# Walnut Handled Screw Driver



## challagan (Feb 7, 2006)

I made this from one of the Rockler Kits that are avaialble. Fun project. We have my side of the family Christmas on New Years Day and this is a gift for my dad ( along with a pen and case I made earlier ). I gave my brother a pen for his birthday and my dad said "Where's Mine"? ....so he will like it. 
The only thing I do not like about the kit is that the bits are not standard sized double ended like Stanley etc. On a qwest to fine additional bits or and adapter that will hold additional bits. 

Corey


----------



## bobj3 (Jan 17, 2006)

Hi Corey

Where's Mine ???????? do you need my address ? LOL

Very nice 

Bj 

Here's a challenge for you ,put a screw on top so it will hold extra bits in the handle...


----------



## Dr.Zook (Sep 10, 2004)

*Nice job.*

Nice job Corey. Really a fine looking present.

Bj. I think that it would be a challenge for Corey to put extra bits in the end. Seems there is not enough room once the barrel is inserted into the handle.  Nice thought tho.


----------



## challagan (Feb 7, 2006)

Thanks guys. BJ, it could be done if it used the little bits, but this uses double ended bits. I wish they made it so they could use the little bits or the 1 1/2 long bits. Even the double ended bits have a barrel that is larger on the barrel so standard double ended bits don't work in it. 
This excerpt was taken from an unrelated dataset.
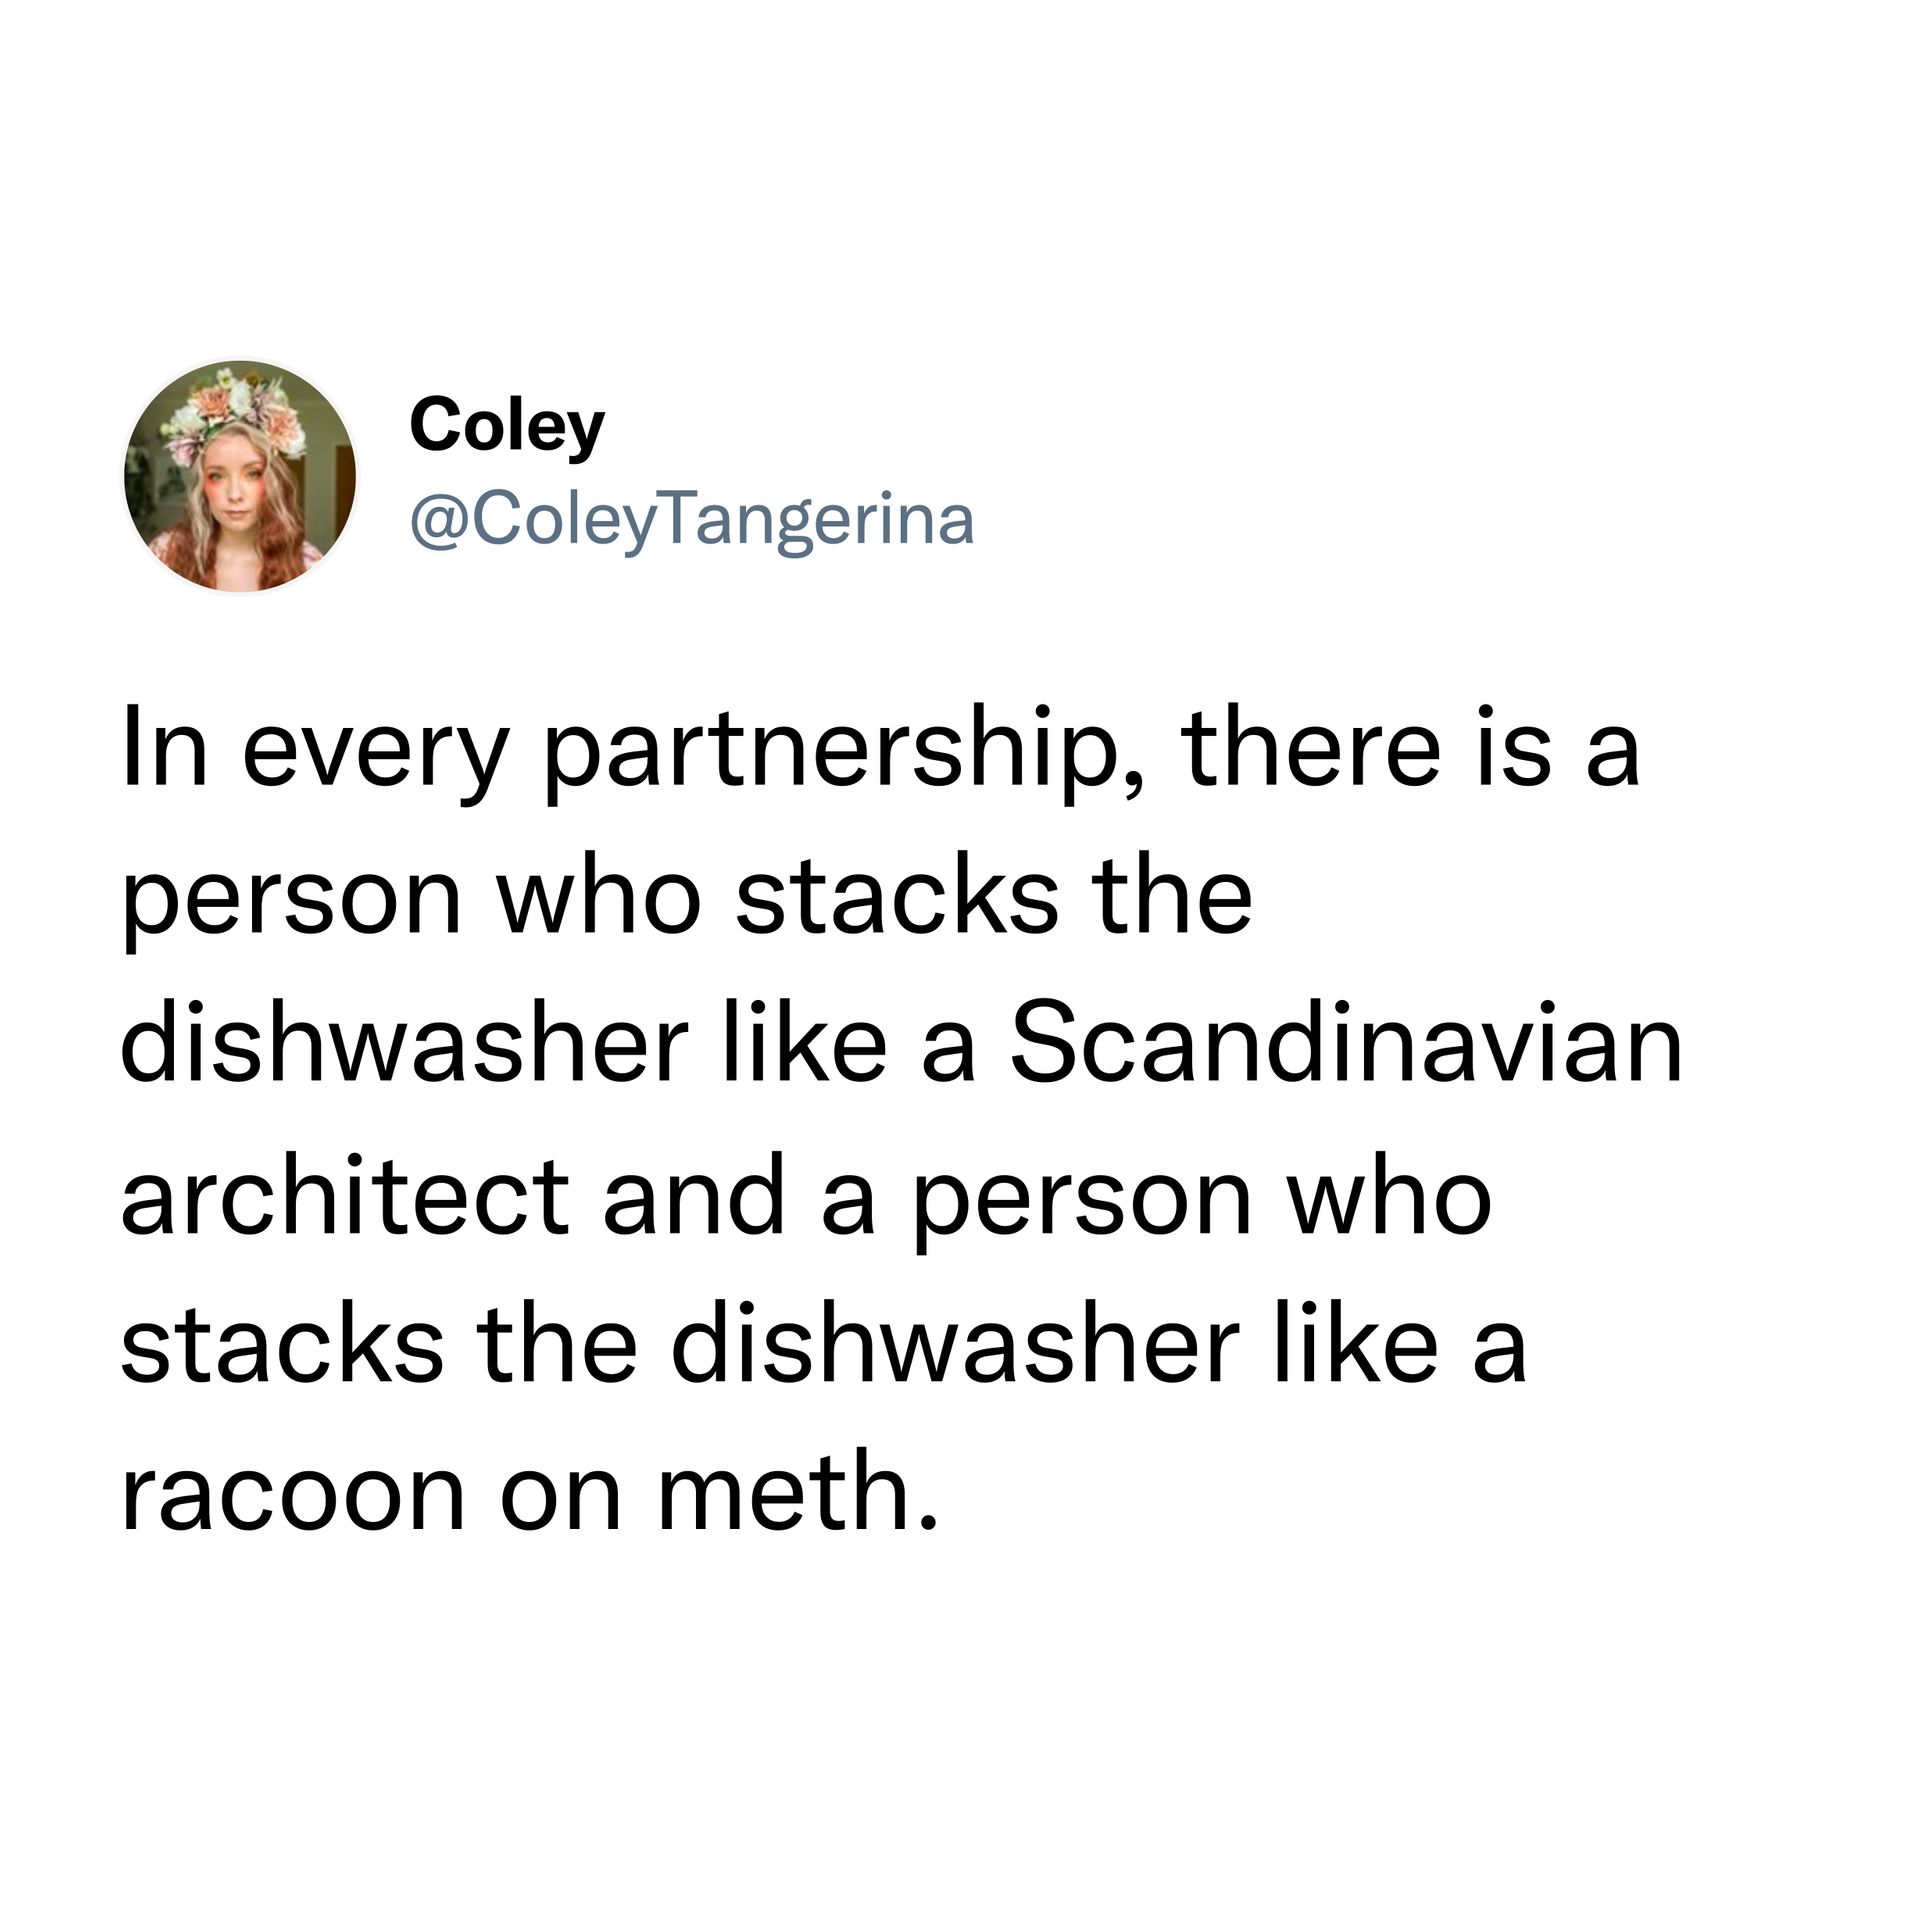 marriage tweet funny -In every partnership, there is a person who stacks the dishwasher like a Scandinavian a architect and a person who stacks the dishwasher like a racoon on meth.

As far as a screw end, that would be difficult for me but with a longer handle and good planning, a suction fit end would be do-able and would be kind of cool. 

Corey


----------



## bobj3 (Jan 17, 2006)

Hi Corey

This what I meant , remove the top then drill holes down into the handle to hold the bits,it looks like you could get 4ea. 5/16" holes deep enough to hold the bits.
Then put a 1/4 turn lock on the in side of the head and handle..or a press fit 

Just a Note **** I see that you have tons of stock under your bench so when will I get mind ,,,, LOL ,LOL, hahahahaha   by the way did you make your awl with the welding rod ,,,, yet ?


Bj


----------



## Bob N (Oct 12, 2004)

OMG....

Corey, that thing is fantastic! You did the wood proud and I know Dad is going to treasure that.

Good going.


----------



## bobj3 (Jan 17, 2006)

Hi Corey

This is what I would try , get the Grizzly set(s) and use the parts to make a neat one like you did out of wood but use just the parts from the items below.
JUST the guts   a real hand me down item when you get done with them and a one of a kind...  but a real tricky turning job 

http://www.grizzly.com/products/h8161
http://www.grizzly.com/products/h8162
http://www.grizzly.com/products/h8163

Bj


----------



## challagan (Feb 7, 2006)

Hey BJ, cool idea but I expect that it would be destroyed by the time they are done since they all have ratcheting mechanisims. I destroyed one today doing the same thing  A non ratcheting model would work better I think. I will have to give it a try!

Corey


----------



## bobj3 (Jan 17, 2006)

Hi Corey

I would cut the parts off the Grizzly items with a Dremel tool then turn the handle so you could slip the parts in place with a bit of super glue, the one with the hex part I would use a Allen hex stock to hold it place then turn the handle .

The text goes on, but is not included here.